I’ve worn several hats over the last 20 years—pastor, professor, therapist. One common denominator is this: no matter where I’ve served or what I’ve done, I’ve pastored, worked with, and cared for difficult people. Truth be told, I’ve been one myself.

If we have any kind of theology of sin, it should come as no great shock that people are difficult. Since Genesis 3, we’ve been hiding. In place of the relational intimacy and deep connection with God and one another for which we were made, we manage and manipulate, we control and coerce, we distance and disconnect. Many of us carry wounds from painful relationships. We’ve experienced trauma from abuse or neglect, from harsh words or clenched fists, from an addicted or absent parent. We’ve hurt others and have been hurt by others.

And let’s be honest—when we put our faith in Christ, our old strategies and deep pains do not magically disappear. It takes a lifetime and a lot of failures along the way to grow into maturity. My belief is that we need a more nuanced understanding of sin and repentance to understand the tough people in our lives and to understand ourselves. We also need to listen to the wisdom of psychologists and sages who teach us about the complexity of human beings. So let’s explore how to love and understand the most difficult people among us.

Sin and Hiding

We often talk about sin as something we do or fail to do. And we describe our sin with behavioral language:

I drank too much.

I spent too much.

I looked at pornography.

I yelled at my spouse.

With this behavioral model, growth and maturity looks like doing something different: drink less, spend less, don’t look at pornography, don’t yell at your spouse.

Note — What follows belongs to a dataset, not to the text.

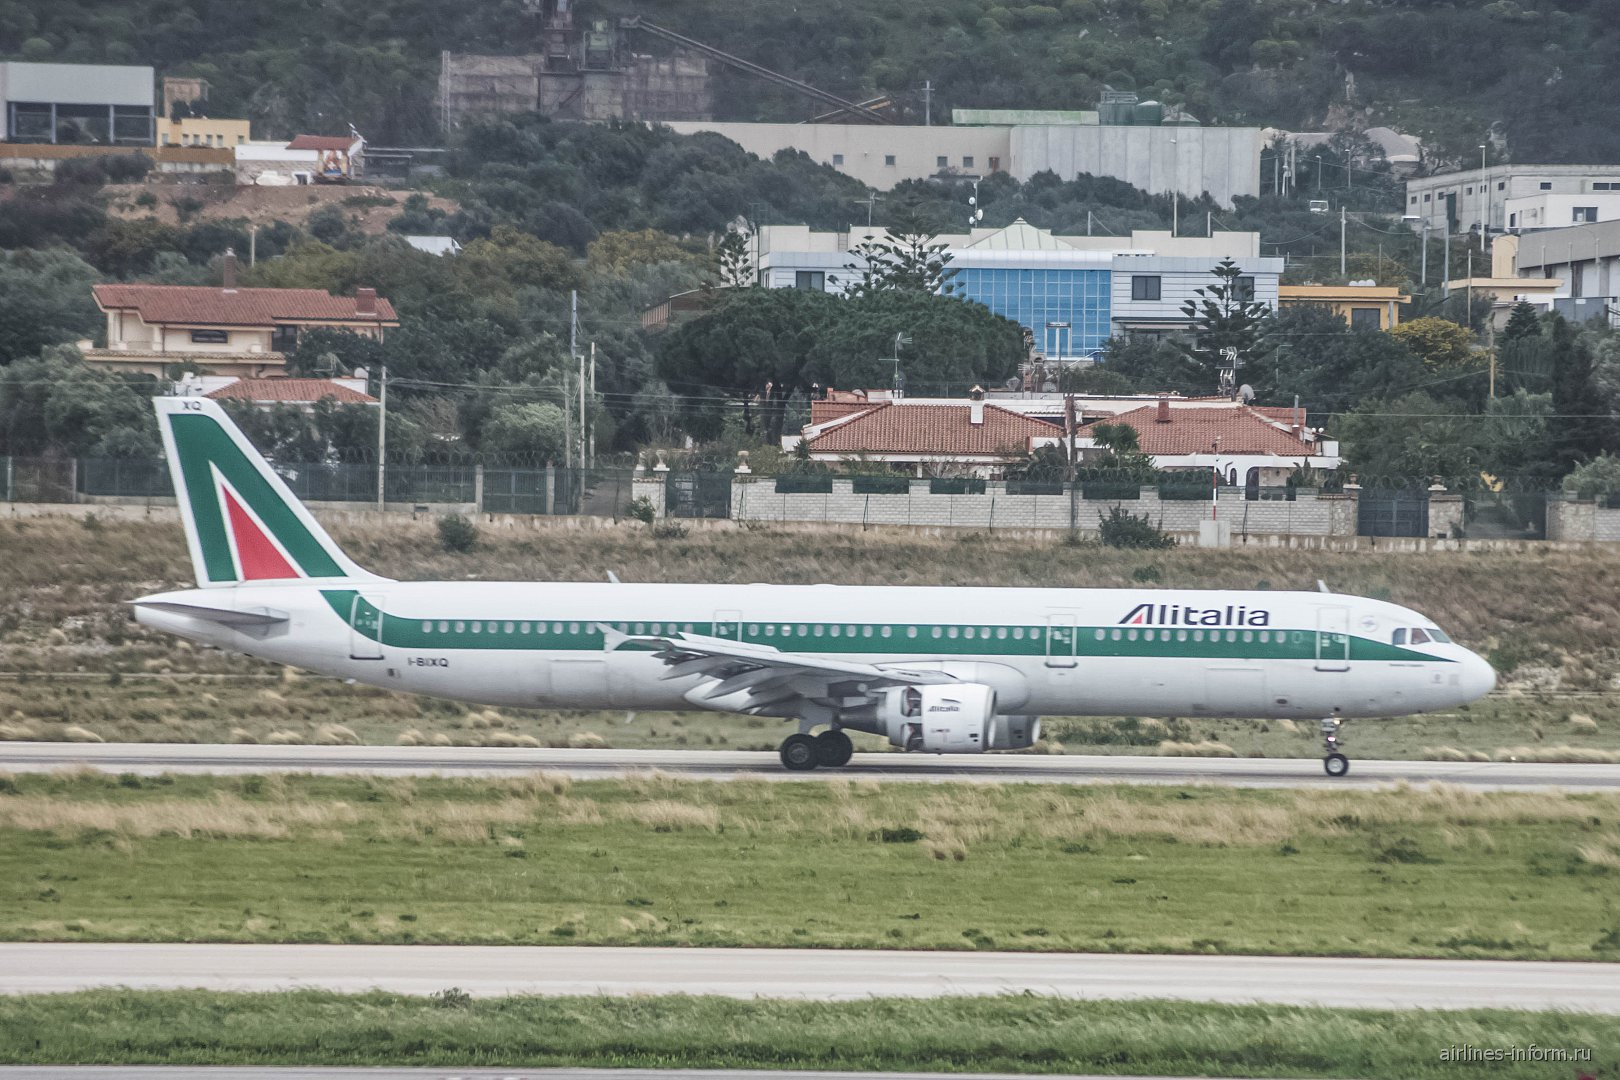 Airbus A321 I-BIXQ ������������ Alitalia � ��������� �������

But have you ever tried this approach? I have. I’ve tried it with myself and I’ve tried it with difficult people. The stubborn truth is that our hearts don’t change with simple behavior modification. We’re far more complex than this.

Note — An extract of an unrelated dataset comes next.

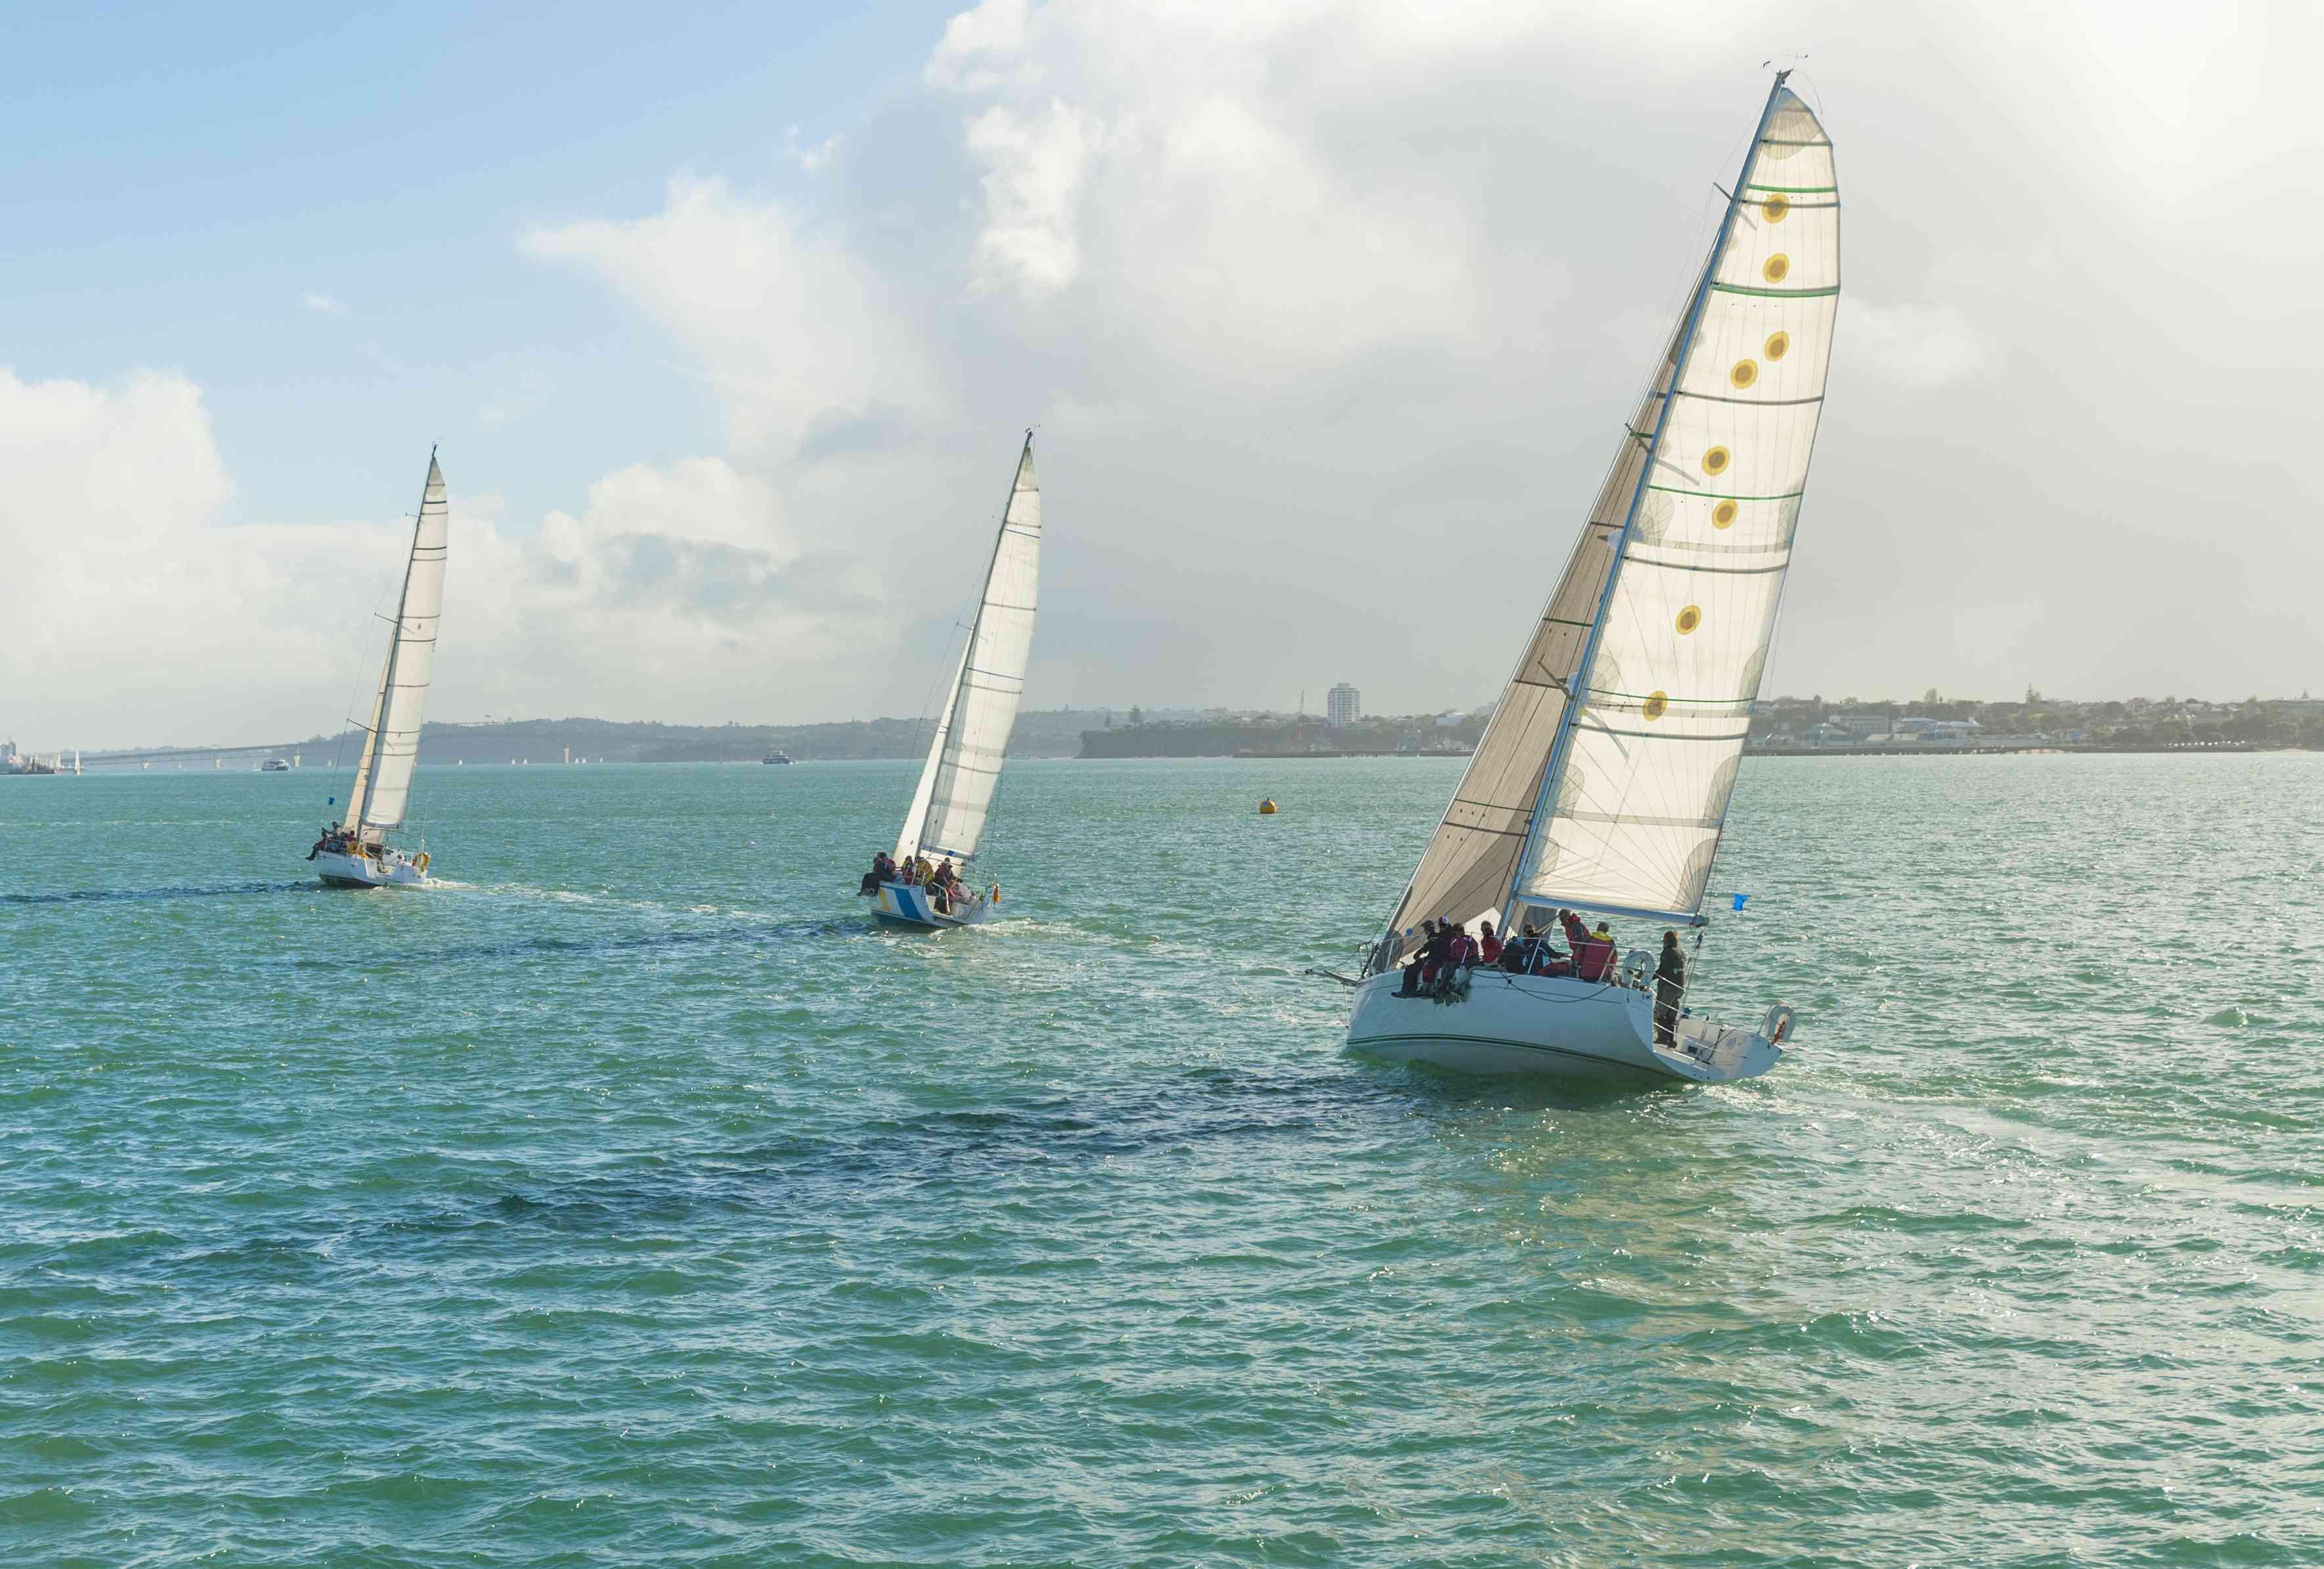 three yachts racing

We get a hint in Genesis 3 when we stumble upon Adam and Eve hiding in the garden. Hiding? We’re told that they were naked and ashamed, and so they hid. In their hiding, they began to craft elaborate fig-leaved personas to navigate their new reality. What Scripture is really saying is that they put on masks. They covered their shame—not with Jesus but with their self-made strategies. And we’ve followed the pattern ever since.

Hiding is the byproduct of shame. Shame is that insidious sense not merely that we’ve done something wrong, but that we’re ultimately flawed to the core. Shame is disconnection from God and others. Shame is the absence of vulnerability. In shame, we hide under a thousand different manufactured—fig-leaved—constructions of ourselves. We cope by being the funny guy, the smart girl, the distant man, the flirt, the spiritual guru, the quiet wallflower, the enthusiastic helper, the success story, the deep thinker. We may not even know that we’re doing this. In fact, we may get kudos for being so smart, witty, or religious. However, the reality is that we’re stuck in a habitual pattern that works for us as we try to keep our shame at bay. This is the first key to understanding difficult people.

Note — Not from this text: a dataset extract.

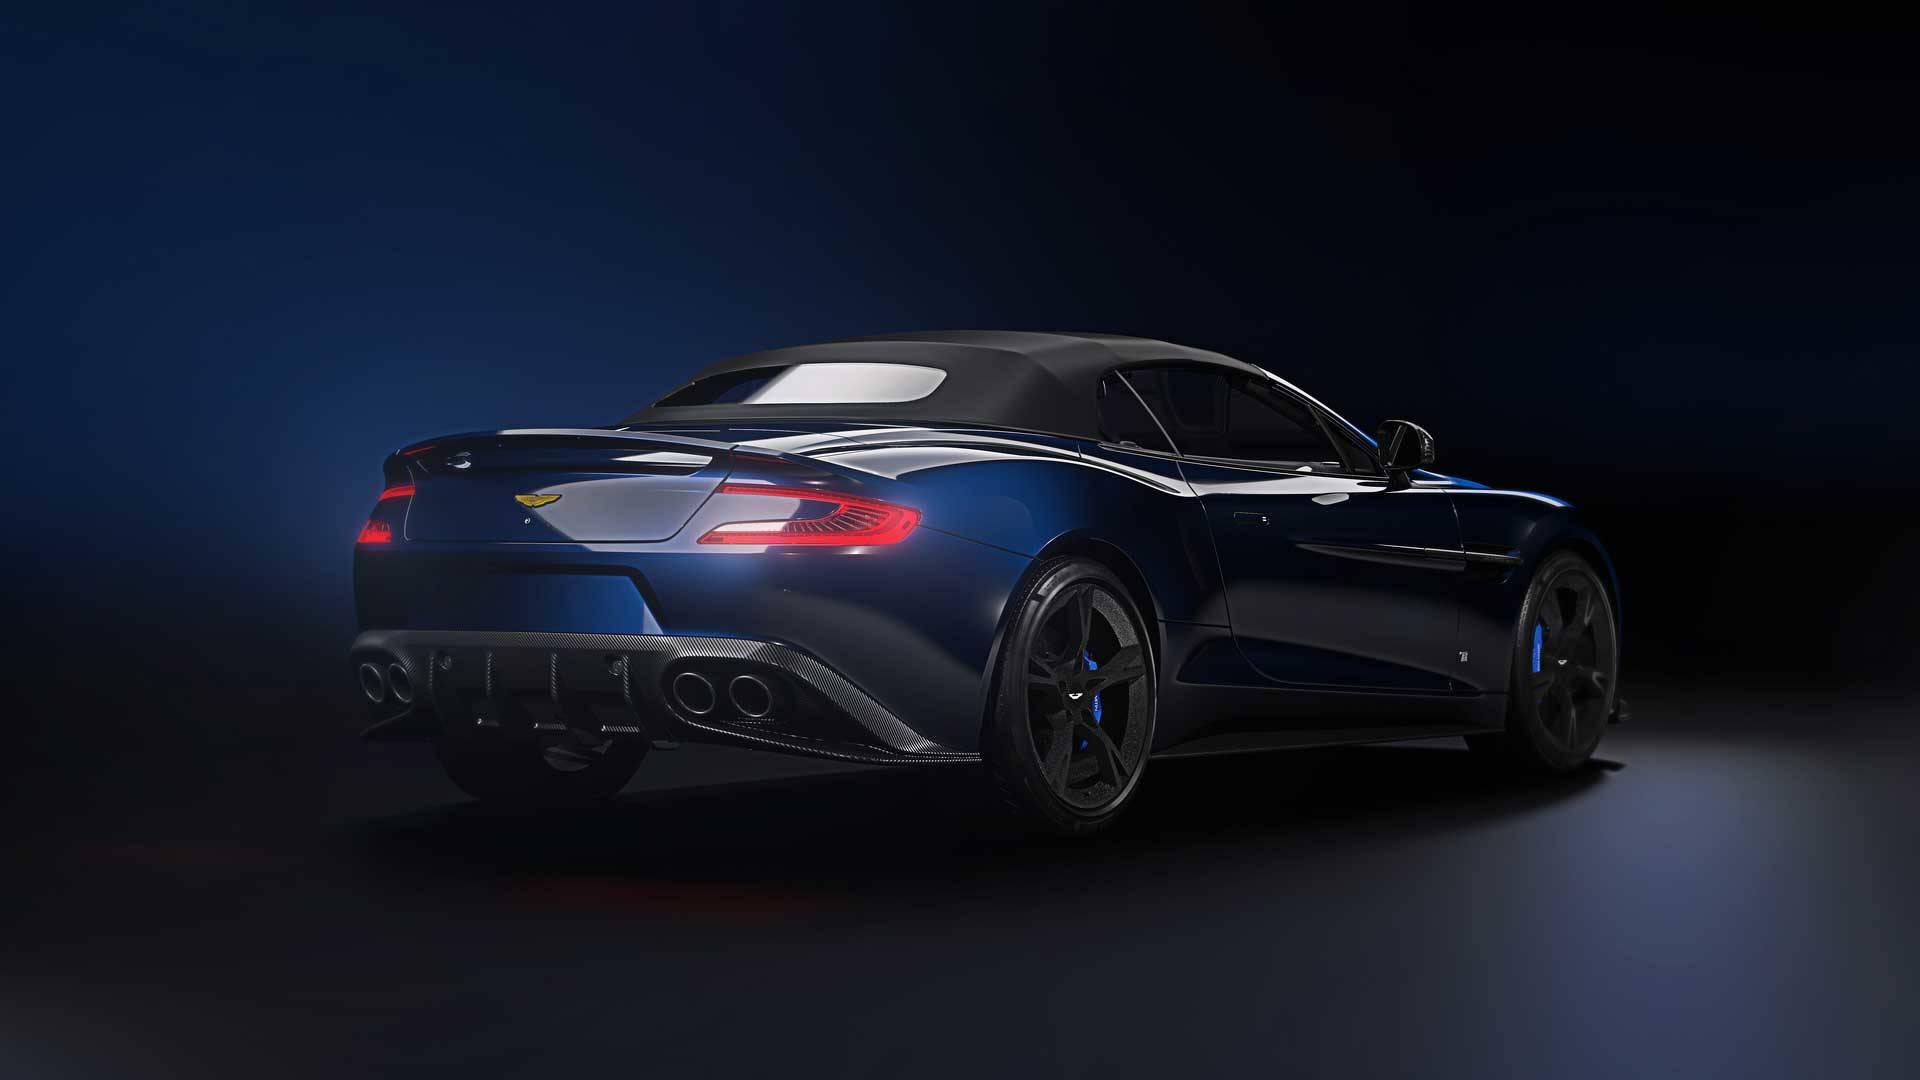 Tom Brady Gets His Name On LimitedEdition Aston Martin - 2018 aston martin vanquish convertible

I’m convinced that the toughest people to love are mostly blind to their patterns of living and relating in a fallen world. Bill*, for example, is a hard-working machinist who was educated in Christian schools. He attends church weekly and is passionate about Christian values in work and politics. He is charismatic and gregarious. He is also spiritually and emotionally abusive to his wife and children. But when I chat with Bill, he says, “I’m basically a good guy with a bit of a temper.” Bill is blind to his own long-standing habitual patterns of coping. He’ll go to a men’s conference and behave a bit better for a week or two afterward, but then fall back into the same patterns.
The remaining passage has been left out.